As the Christian faculty members in this study discussed challenges related to their attempts to integrate their religion into their professional work, they indirectly communicated their belief that the public university environment placed higher value on non-religious perspectives than on religious worldviews. They apparently have come to the belief that their religious identity is not highly valued within the public university atmosphere. In effect, the Christian faculty members in this study recognize their lack of identity capital. Yet, they make a deliberate decision to construct a salient religious identity in spite of its lack of value. The religious calling about which they spoke superseded their desire to maintain and/or to increase their individual identity capital within the workplace.
This study began to identify critical themes for how Christian faculty members integrate their religious and professional lives in public higher education institutions, but there is much room for further research. For instance, the interaction of racial and gender identities with religious and professional identities would be of great interest. Further, what types of situations are particularly challenging to the faith and work of Christian faculty within their campus roles? How do they negotiate these dilemmas? Also, to what extent are faculty members who work in public higher education familiar with the legal freedoms and constraints related to religious expression therein? Interestingly, only one of the faculty participants in this study even alluded to legal issues regarding the expression of religion in public institutions, simply discussing the desire not to “cross the line.”
Furthermore, this study revealed insights related to Christian faculty’s sense of calling, communicating a Christian worldview, and integrating a religious worldview into research and teaching; however, the way in which these things take place is yet to be fully explored.
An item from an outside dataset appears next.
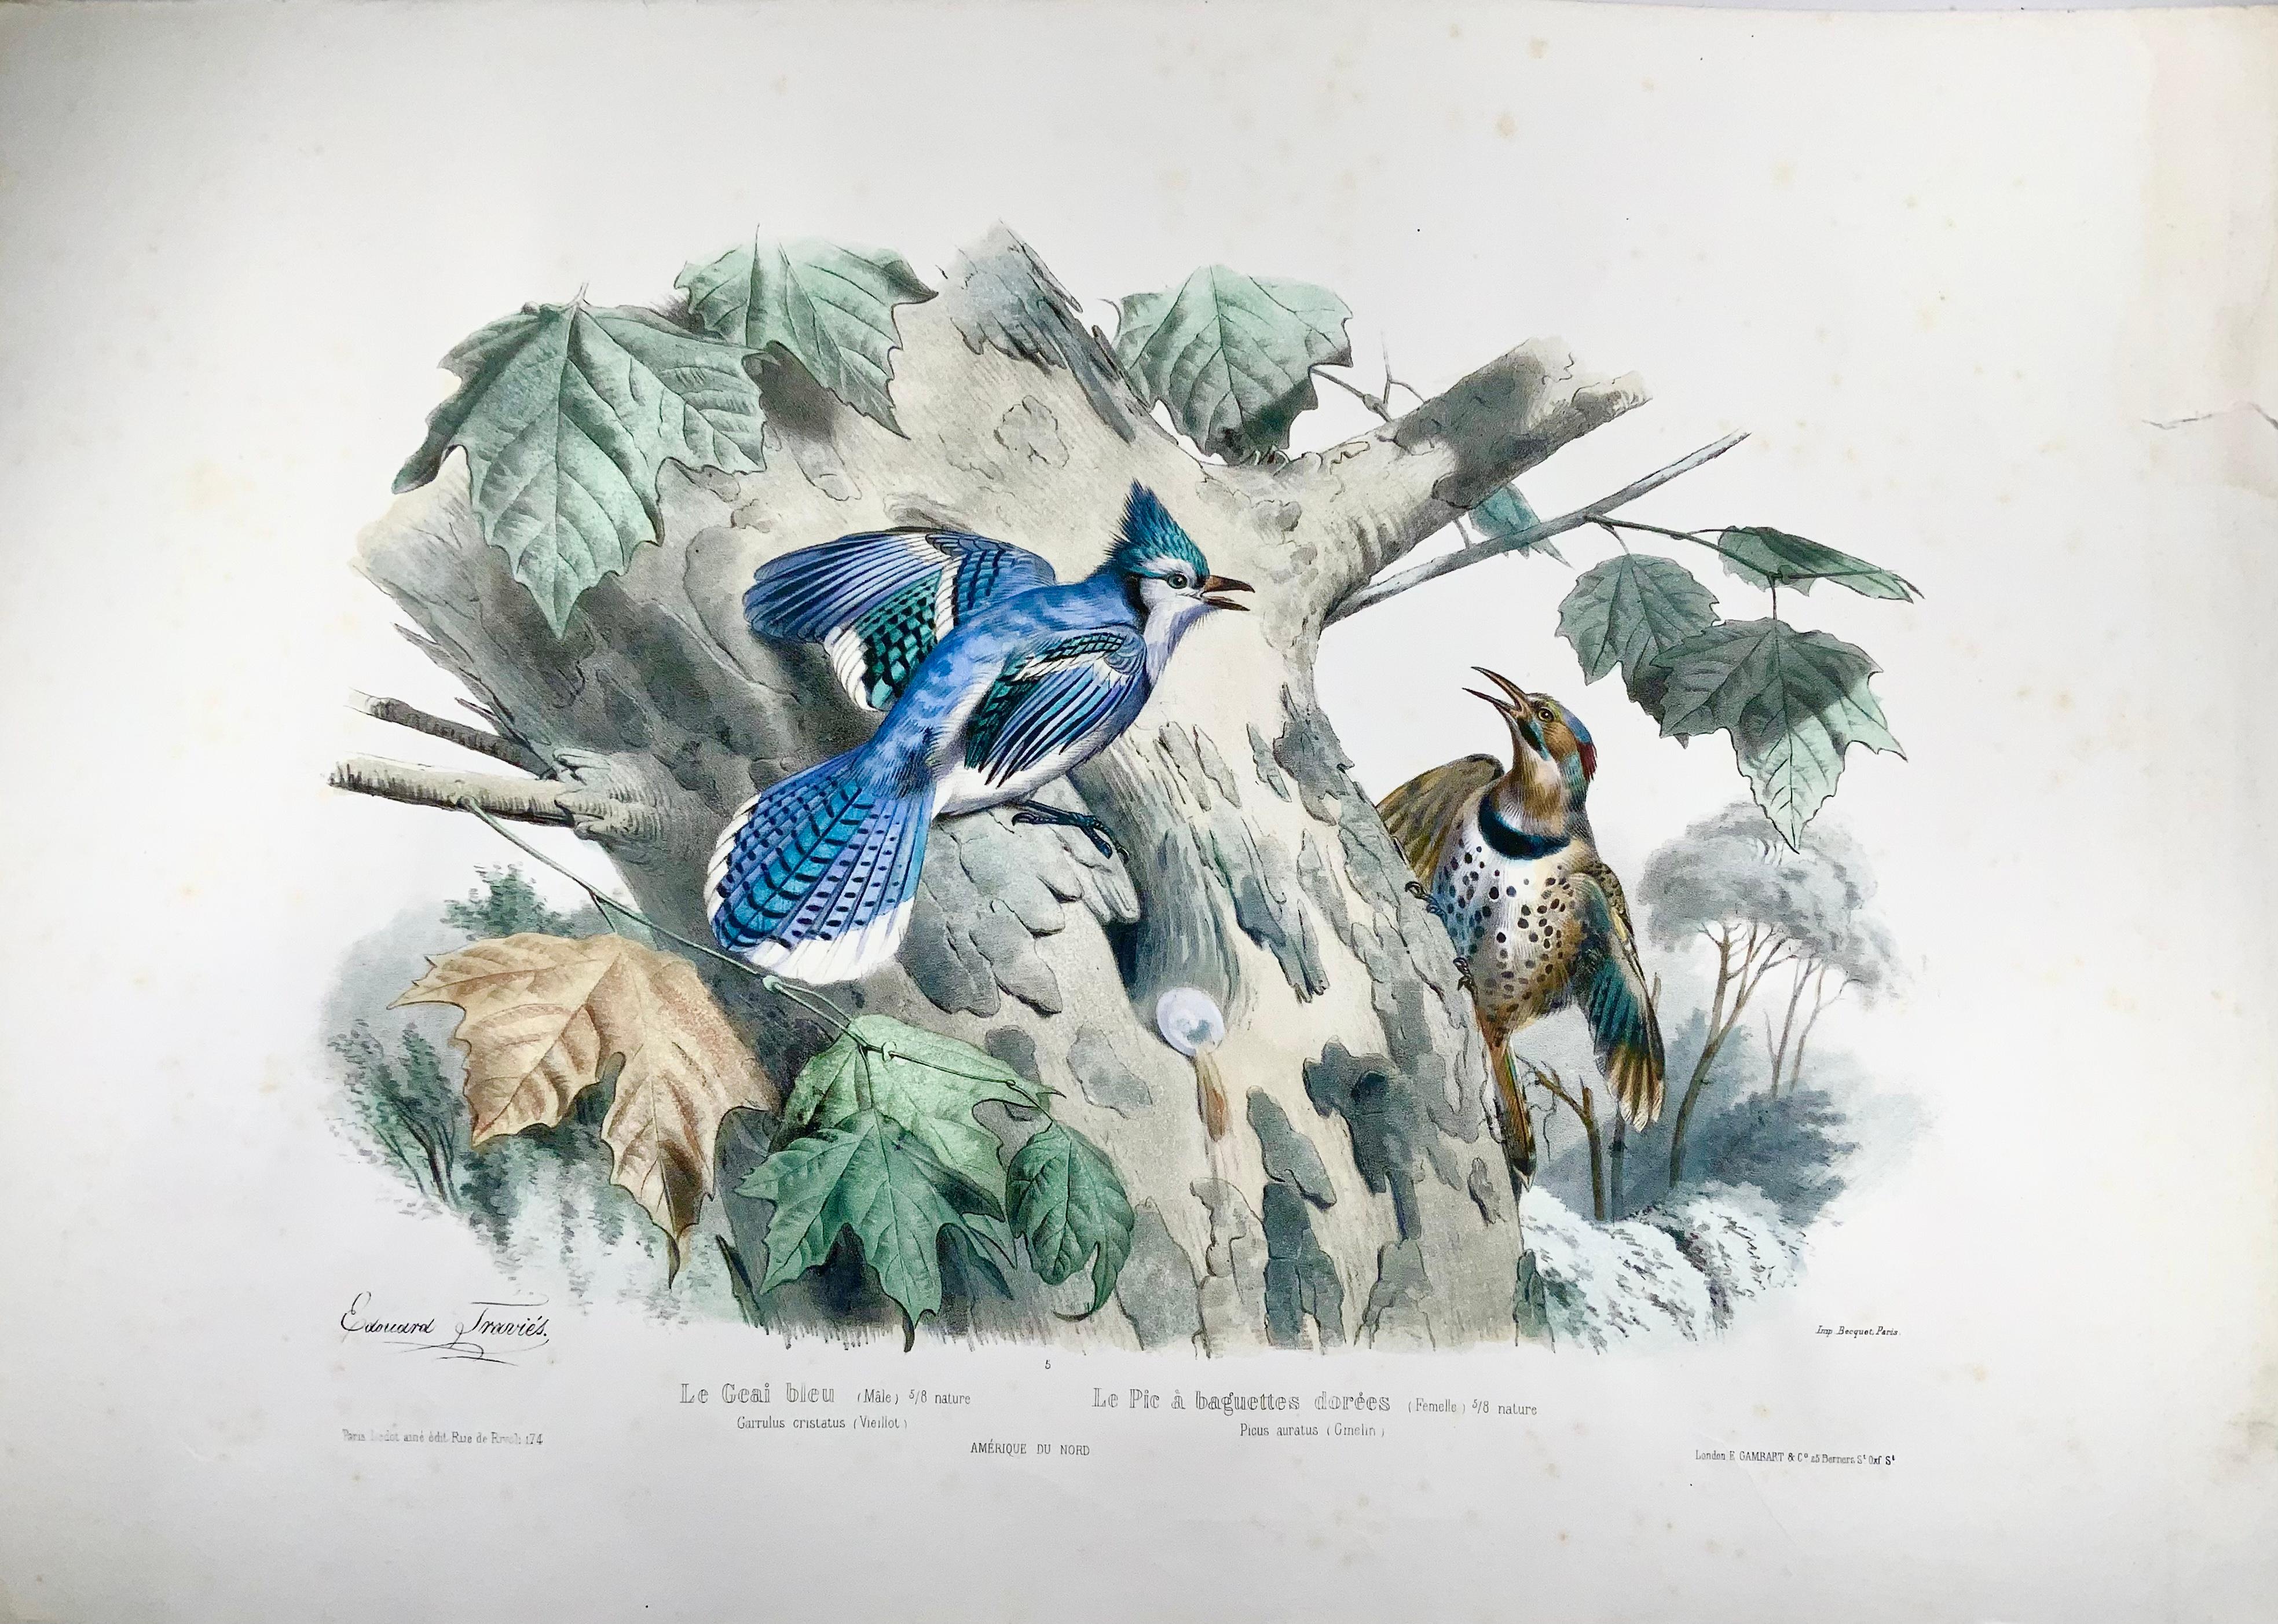 Swiss 1857 Ed Travies, Le Geai bleu, Le Pic, Ornithology For Sale

For example, how do faculty members go about integrating their religious identity into their research and teaching? Are there distinctions between faculty members who make this a more overt versus a covert process? Do these distinctions have religious components? Further research might also apply similar questions to faculty from other religious traditions.
In conclusion, the results from this study indicate that Christian faculty members do attempt to integrate their religious and professional identities though this may not advance their standing, and in fact may decrease their “identity capital” within their secular institutions. The study also supports Lindsey’s (2008) assertion that the desire of most Christian faculty is not to ‘‘take back’’ the campus for their faith but simply to have their faith seen as reasonable, genuine, and attractive.
References
Côté, J. E., & Levine, C. G. (2002). Identity formation, agency, and culture: A social psychological synthesis. Hillsdale, NJ: Lawrence Erlbaum Associates.
Craft, C. M., Foubert, J. D., & Lane, J. J. (2011). Integrating religious and professional identities: Christian faculty at public institutions of higher education. Religion & Education, 38, 92-110. Online at http://works.bepress.com/christy_moran_craft/14/
Lindholm, J. A., & Astin, H. S. (2008). Spirituality and pedagogy: Faculty’s spirituality and use of student-centered approaches to undergraduate teaching. The Review of Higher Education, 31(2), 185-207.
Lindsey, D. M. (2008, May 9). Evangelicalism rebounds in Academe. The Chronicle of Higher Education. Retrieved June 11, 2008, from http://chronicle.com/weekly/v54/i35/35b01201.htm
Wortham, S. (2006). Learning identity: The joint emergence of social identification and academic learning. New York: Cambridge University Press.
Zohar, D., & Marshall, I. (2004). Spiritual capital: Wealth we can live by. San Francisco: Berett-Koehler Publishers.